Last night’s run?
A prime example of my body not failing me, even though my mind had other ideas.
(well, that’s not entirely true – gimme a minute and I’ll explain.)
Let me set the stage first. It’s been ridiculously warm around here lately – as in hitting 70+ the last two days. In March. In Boston. Unreal. These legs have been itching to run, run, RUN in this weather. Hence Monday night’s impromptu rundate with my sis and last night’s planned rundate with the hubs – to the tune of 6.5 miles, around one of our favorite running routes in our neighborhood.
We set out a little after 5pm. It was still in the 60s. Peepers were chirping. A nice warm breeze was blowing. I had my wunder unders on from Lululemon (my latest purchase and newest Lulu infatuation!) and a t-shirt and was ready to rock our run.
My body was tired. I knew it as soon as we got into the first mile. But I told myself to chug on. I knew I had it in me to get through all 6.5, or at least that’s what I told myself at such an early juncture in our run.
We hit mile 2 and I was still feeling really beat up. Tired. But elated that the weather was so gorgeous and that I was running with my favorite running companion ever. So I kept it up.
The miles kept coming and my body was getting more and more tired. And now I’m getting mad at myself. Like what the heck is wrong with me – this is PRIME running weather, I should be rockin’ a mean runner’s high right now.

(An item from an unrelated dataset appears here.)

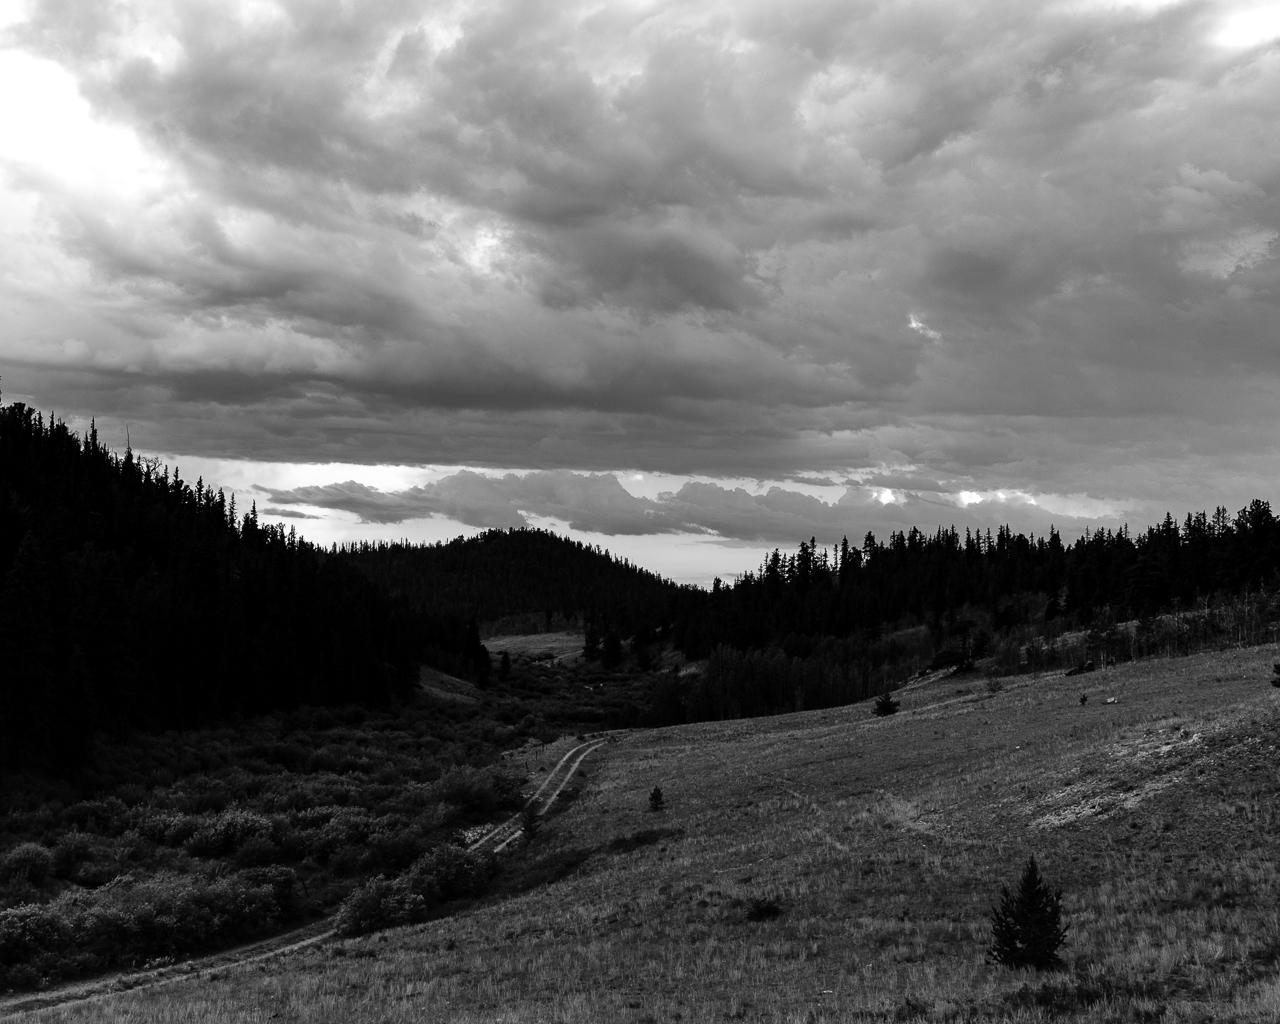 Day 200 - 365 Day B&W Photo Challenge - Trail into the wilderness - Fuji X-T3, XF 23mm f/2, Acros R Film Simulation

And then it hit me. Well – two things, really. First – I realized how fast our legs were moving. No wonder…we’re running like maniacs out here right now (no idea on exact pace since we run garmin-less, but my body tells me it was holy-sh*t-fast). And second – my rest day is near. As in – it’s today. Thank God for that. Clearly that’s why I was struggling so much last night. I realize this now, but didn’t fully understand it in that moment last night.
Anyway, we finished out our run, I got past the “struggle” feeling and started to feel better as we neared closer to home. We hoofed it up the last hill, around the corner and to the end of our route. I have never been so happy to see the stop sign at the bottom of the hill. I’ll tell ya that.
This is how I looked right after the run – it’s not pretty, oy. Check out that beet red face, hot stuff, lemme tell ya.
(and wow is that a blurry iPhone pic, sorry about that!)
Well – things sorta deteriorated from there. After dinner, I got super duper nauseous. Ick. Took a shower. Sorta felt better. Ended up on the couch the rest of the night. A sign that I pushed it really hard *and* probably a sign that my body was just a wee bit tired, eh? Thank GOD today is my rest day — I am fully and utterly embracing it. Why yes, yes I am. 🙂
So – while I ended up feeling less-than-stellar at the end of the night last night, I still contend that my body did not let me down in the moment I needed it most: during the final few miles of that run, when my mind kept telling me to stop (or “please don’t puke”), my body kept going. Gives me confidence that this mind over matter thing is for real *and* that if you trust your body, 9 times out of 10, it won’t let you down. <—can I get an “amen?!”